Step Five: Compile your data and ideas and use them to design services, branding and programs for your niche. Follow your market research participants and get their feedback on your ideas, plus ask them for a recommendation. Remember: An important principle is that “people support what they help create,” and when you follow those who have helped you along the way, you will be pleasantly surprised by their excitement and support. In fact, a common and enjoyable by-product is that some of them can apply to your program!
Reminder – DO NOT USE SURVEYS! Read again above for an explanation if necessary.
Reminder – DO NOT SUBMIT MARKET RESEARCH and do what sounds good to you (this is all too common)
A word of warning
I have seen many savvy professionals acknowledge the wisdom of conducting marketing research to build their business and then ignore their data and fail or struggle as a result. Why? I suppose it’s effective, appropriate, and psychologically satisfying – a deadly trio when it goes wrong – to build your business on what “sounds good” to you or “looks right” to you. The golden rule is embedded in us.
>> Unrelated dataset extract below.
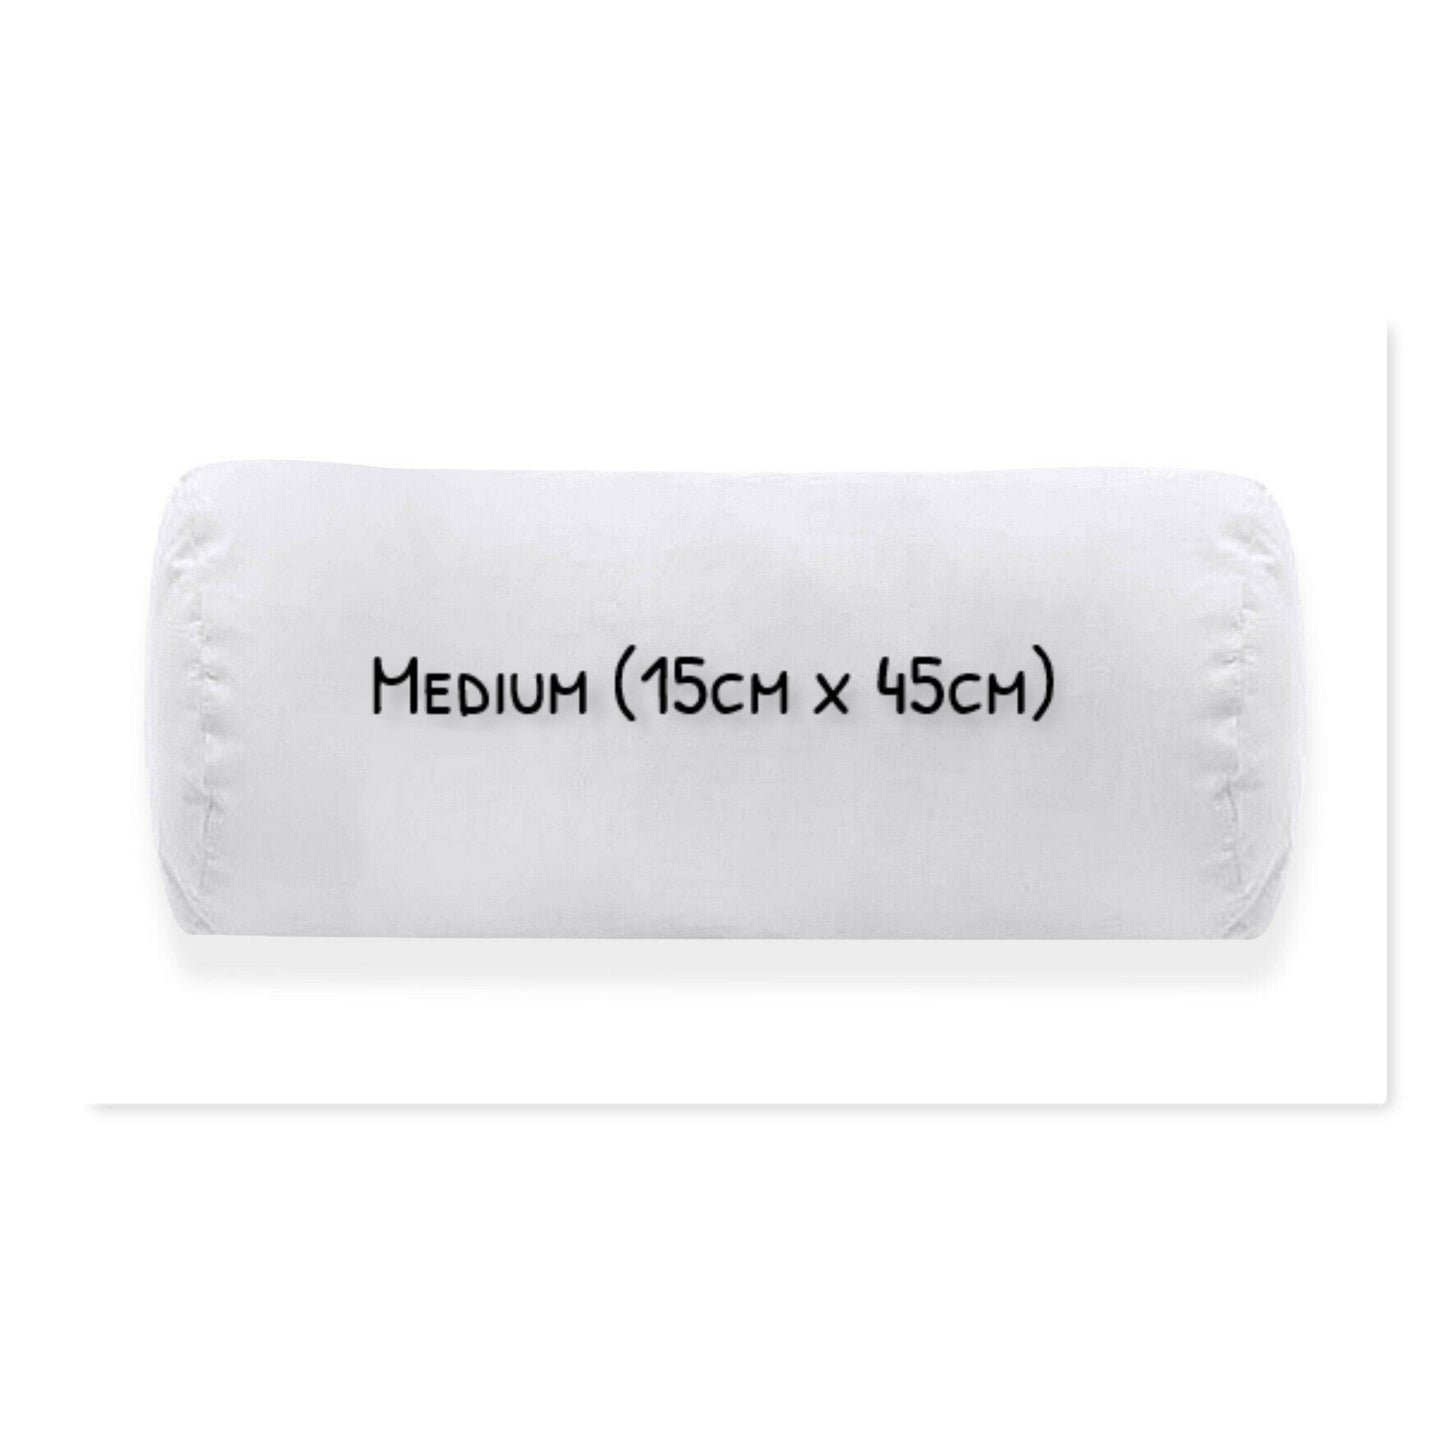 Round Shaped Bolster Pillow White Cushion Long Body Support Orthopaedic Pillow - Arlinens

No matter how good your results are or how many times in the past you have predicted what the marketplace will do, my advice is to first do market research and then design your services, programs and marketing on the hard data you generate. If this describes what you have already “hit”, then it brings you more power. But more often than not, market research will reframe your hypotheses; if not completely remove them (a humiliating but astonishingly informative experience).
Another way to remember all of the above – a more fun, more positive way – is simply this: market for your target audience, not for yourself. And make no mistake: you are not your target market. This is one of the biggest flaws in all marketing (by no means limited to therapists or coaches). Businesses of all sizes often forget that they are not their target market. Or to put it another way, they assume that it is their target market. So they just say to themselves, “Hey, this makes sense, so it must make sense to the people I’m trying to communicate with.”
Of course, all of the above depends on understanding the need to identify your niche as a target audience for your services. You cannot market effectively and help anyone and everyone; you need to target marketing to your specific, desired audience. See below for more information on choosing your niche.
So practice the Platinum Rule in your business, conduct market research and design your services, programs and marketing for your desired audience, and you can almost be guaranteed to be very successful.